An announcement is here. A quote:
From Laurent Théry
Date: Thursday 20 September 2012, 20:24
Re: [Coqfinitgroup-commits] r4105 – trunkHi,
Just for fun
Feit Thompson statement in Coq:
Theorem Feit_Thompson (gT : finGroupType) (G : {group gT}) : odd #|G| -> solvable G.
How is it proved?
You can see only green lights there:
http://ssr2.msr-inria.inria.fr/~jenkins/current/progress.html
and the final theory graph at:
http://ssr2.msr-inria.inria.fr/~jenkins/current/index.html
How big it is:
Number of lines ~ 170 000
Number of definitions ~15 000
Number of theorems ~ 4 200
Fun ~ enormous!
— Laurent
I find the objections stated in http://mathoverflow.net/questions/18421/how-do-they-verify-a-verifier-of-formalized-proofs rather convincing.
And it worries me that Coq developers appear to not to worry much about exploits, although I am unqualified to judge the actual risks.

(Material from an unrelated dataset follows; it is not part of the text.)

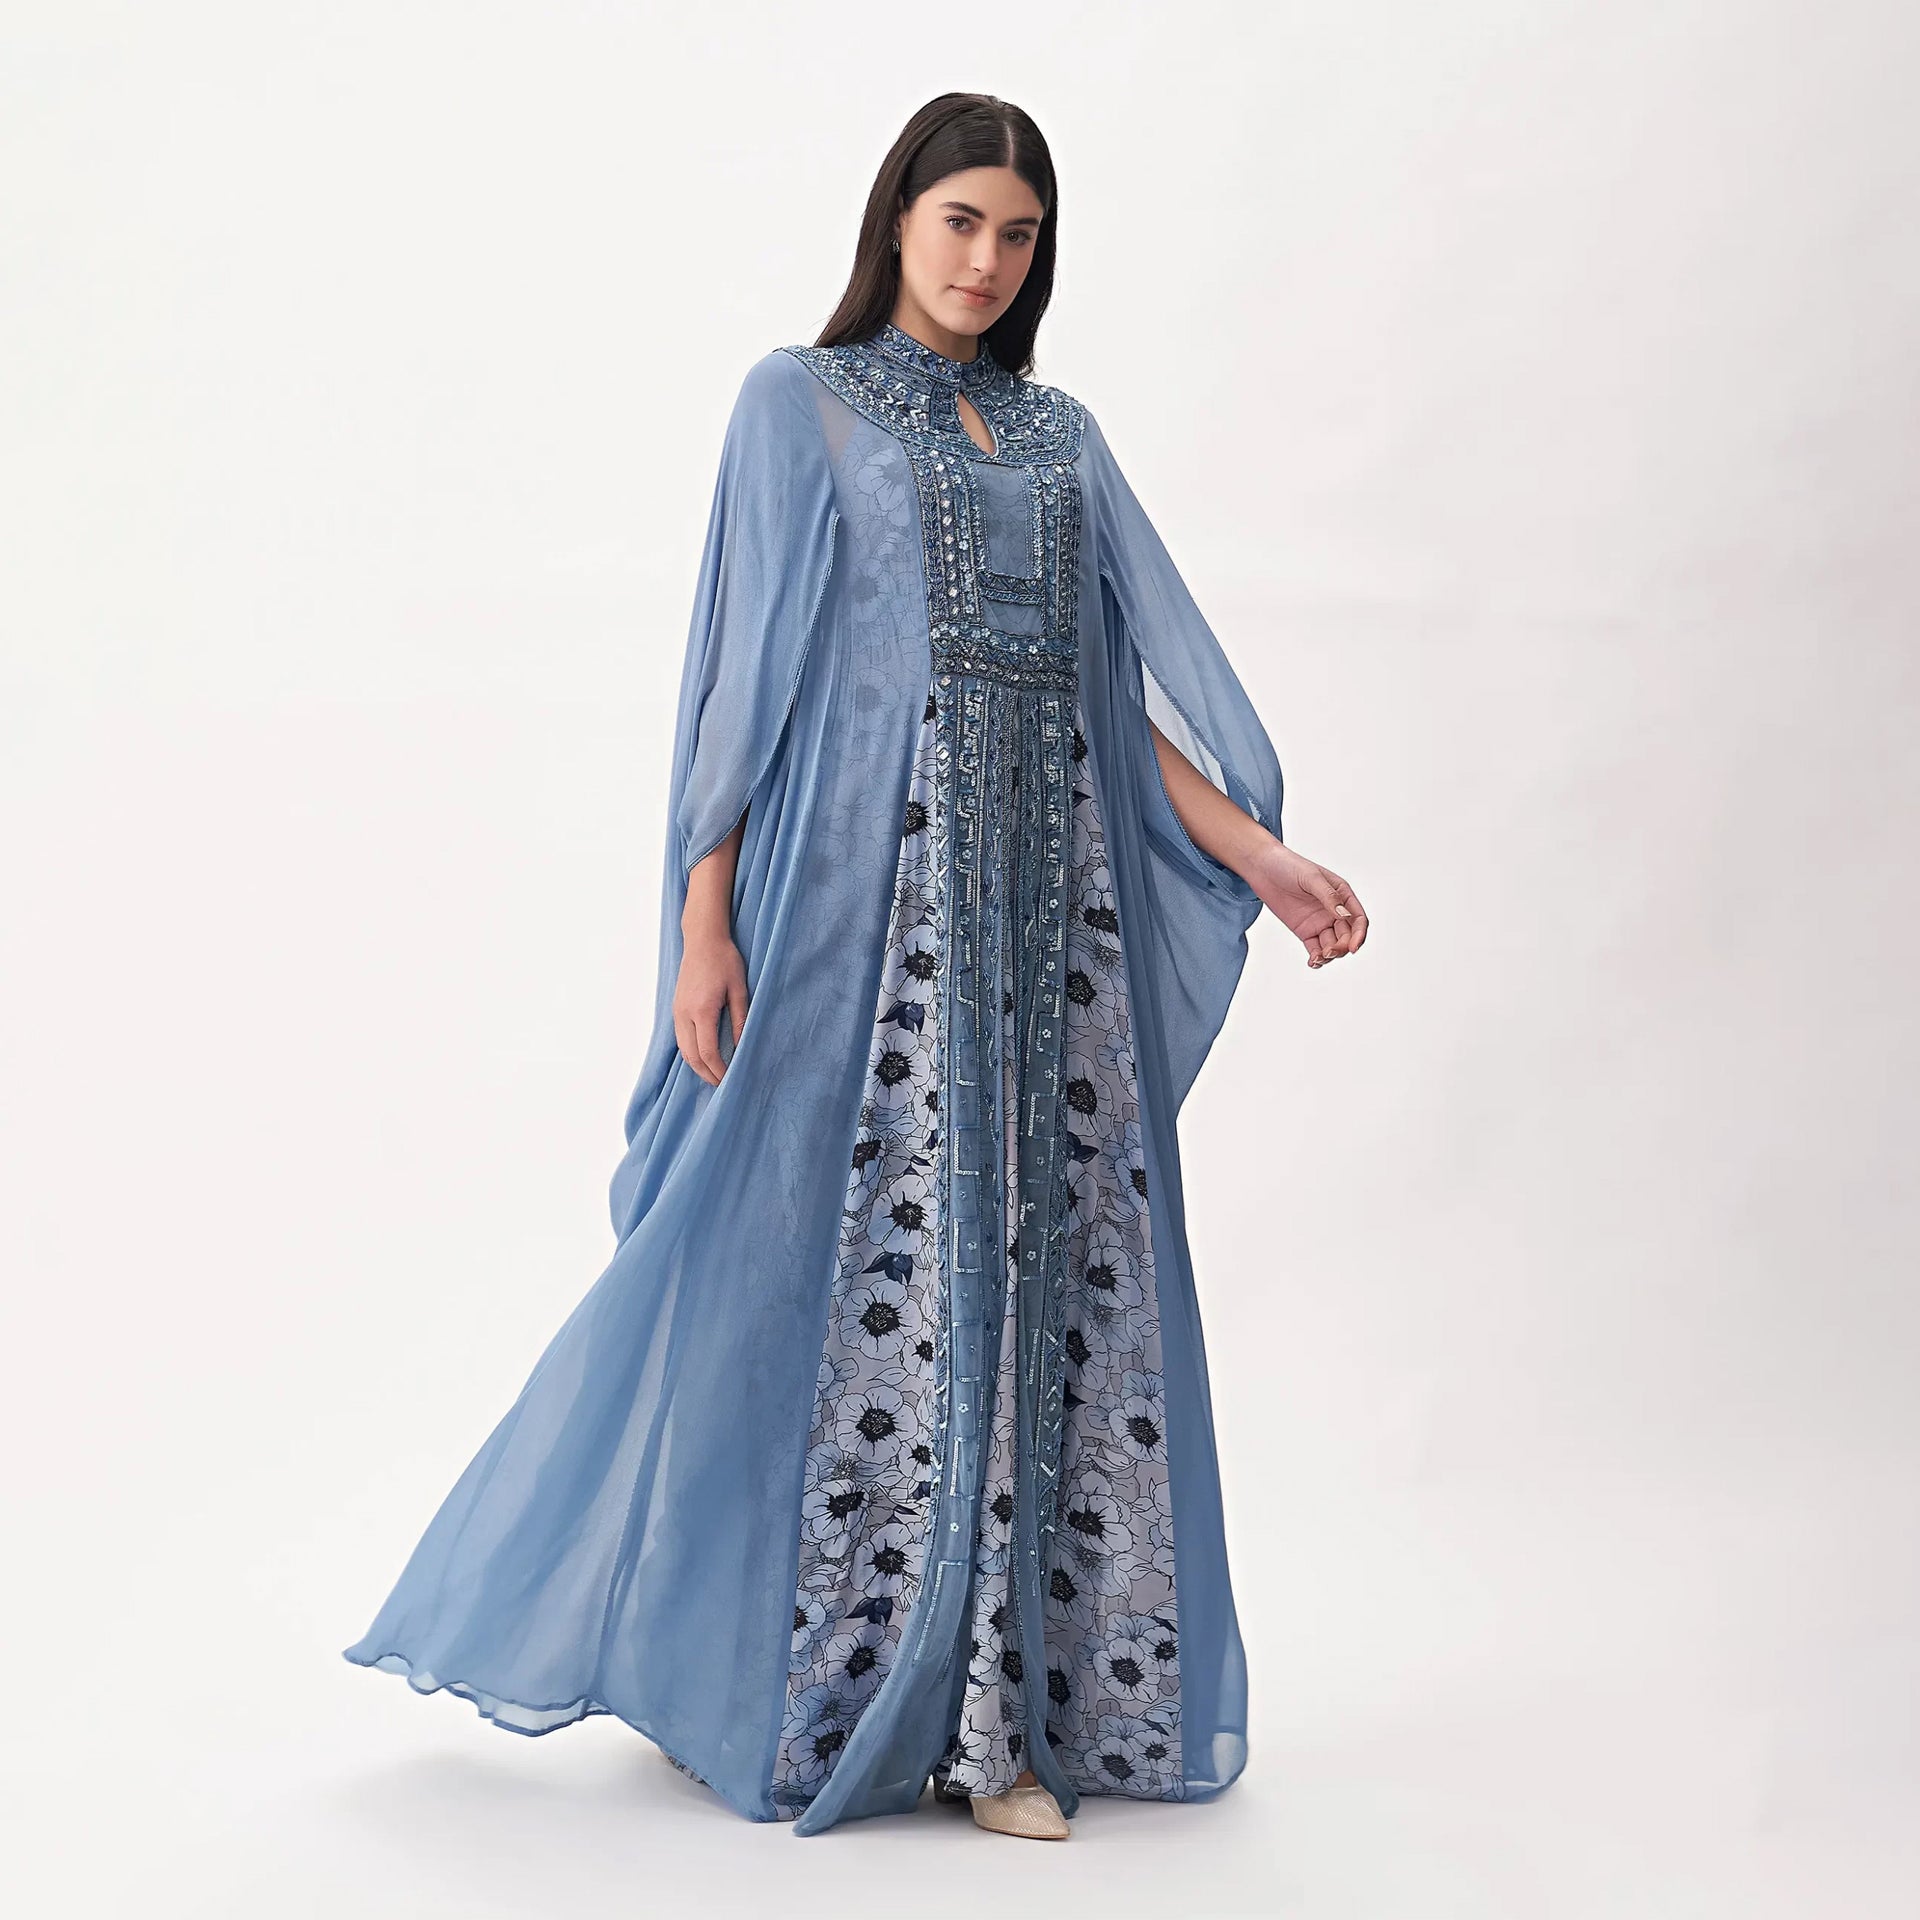 Light Blue Adele Dress with Silver Embroidery and Cape From Shalky

http://seclists.org/fulldisclosure/2011/May/73
Re: proving _anything_ in the Coq proof assistant (in addition to code execution). “coqchk” passes too
From: Andreas Bogk
Date: Tue, 03 May 2011 14:55:47 +0200
….
Moral: plugins are part of your trusted computing base. You need to trust them
as much as you need to trust Coq. The good news here is that it requires a
malicious attacker with write access to the source code to pull off such an attack, whereas finding all genuine bugs would already improve security a lot. And defending against the attack boils down to checking for malicious plugins,
which falls into line with defending against compiler backdoors, trojaned
compile hosts etc. “Reflections on trusting trust”, et al.